If he takes out a certificate he cannot deal with any immovable property without the sanction of the civil court previously obtained; and every alienation made by him without such sanction is absolutely invalid; while an alienation made with such sanction cannot, except under special circumstances, be impeached. On the other hand, a person who does not take out a certificate is absolutely beyond control, and can deal with the minor's property as he pleases.
It can hardly be said that this state of the law is favourable to the interests of the minor. There is nothing to compel a self-constituted administrator to apply to the Court for a certificate; but on the contrary, there is every inducement to him not to do so. Now I think that, in the case of every considerable estate, and especially when it consists of immovable property, it is desirable that every administrator should be obliged to satisfy the Court of his fitness before he meddles with the property."
[Act XX of 1864, section 2; Oct XX of 1864, section 2; Act X of 1877, Chapter XXXI; Act XX of 1864, section 18; ILR 2 Cal 282; ILR 2 Cal 929]
Need felt in Bengal.- Though the suggestion pertained only to the Bombay Act, it was, on an examination of the subject in the Legislative Department, thought that since the Bengal Minors Act, 1858 was drawn on the same lines as the Bombay Act, the improvements suggested in the Bombay Act would be needed in that Act also. It was further pointed out that the European British Minors Act, 1874 had also created several anomalies. For example, its provisions were confined to "European" British subjects, and were inapplicable to Eurasians.

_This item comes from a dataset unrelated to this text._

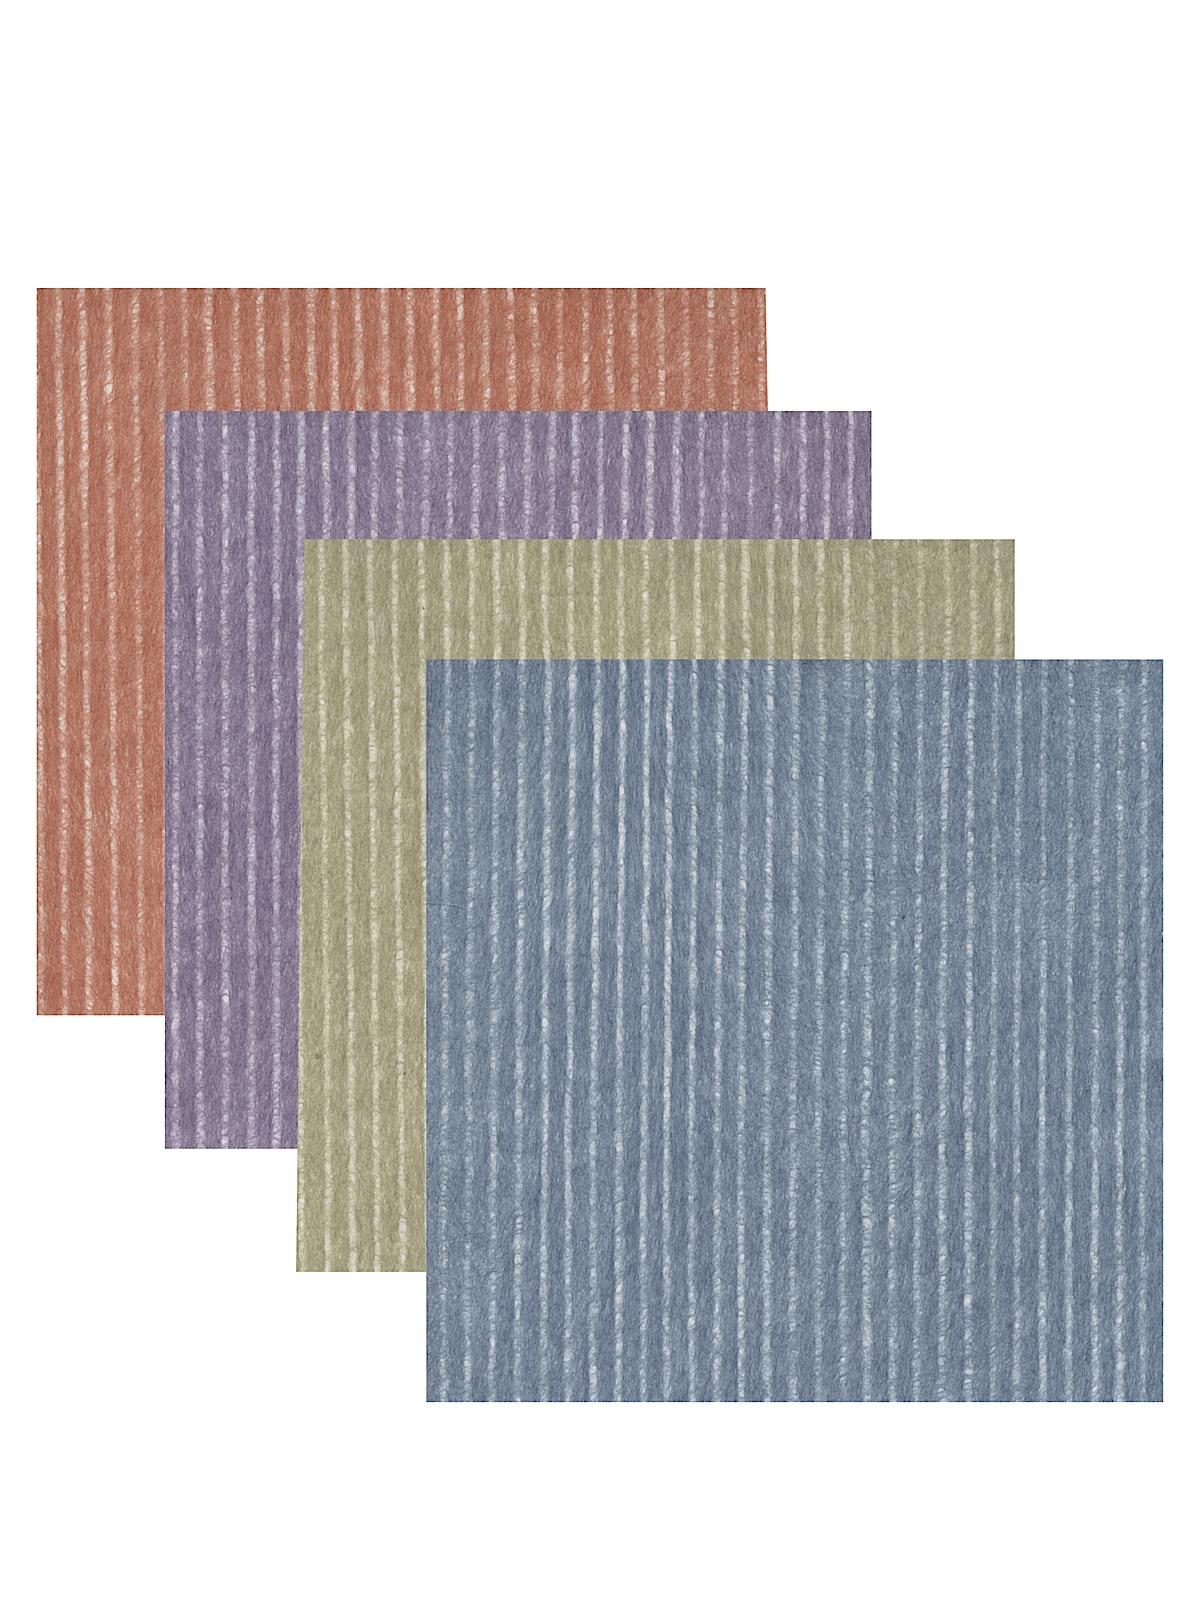 Origami Paper 6 In. X 6 In. Kasane Rattan 12 Sheets

Position in Madras.- Some problems had arisen in Madras also. The minute of the Chief Justice of Madras2 is of interest in this context-
"Although the Acts XL of 1858 and XX of 1864, which gave rise to the present reference, do not apply to this presidency, and the difficulties arising on construction of these Acts in connection with Chapter XXXI of the Code of Civil Procedure have consequently not been experienced here a review of the law relating to minors obtaining in this presidency will show that it is, as interpreted by the courts, defective in that it leaves certain minors without adequate protection and fails to provide sufficiently for the representation and protection of minors whose property becomes the subject of litigation.
Regulation V of 1804 created for this presidency a Court of Wards. By section 3, it was enacted that, where property charged with direct payment of rents or revenue to Government should devolve by inheritance on persons incapacitated by age, & c., from taking charge of the said property on their own behalf, the Collector should transmit to the Court of Wards a report stating the circumstances, and that the Court of Wards should thereupon state the case with their opinion and judgment to the Governor in Council to the end that the decision end orders of the Governor in Council might be passed thereon."
The following is another interesting comment3 dealing with the position in Madras:-
"I think there can be little doubt that the present is a most favourable opportunity for dealing with the question of the care of the persons and property of minors in India1. The flaws and defects pointed out by the Bombay High Court in Act XX of 1864 exist in a great measure in Act XL of 1858, and probably they are also to be found in Madras Regulation V of 1804. The advantages of effecting a general improvement in all these laws by passing one general consolidated Act applicable to the whole of India are so self-evident as not to need much discussion.
The principle of codification has been adopted by the Government of India, and is being carried out. The present proposal is one step more in the same direction. Thus the passing of one general Act will not only be in accordance with this principle, but it will enable the Legislature to remedy the defects that are now found to exist. The Bengal Act was passed a quarter of a century ago. It was inevitable that defects and omissions should come to the light in this interval. These require to be remedied, and the rulings passed in this time by the High Courts require to be engrafted in the positive enactment.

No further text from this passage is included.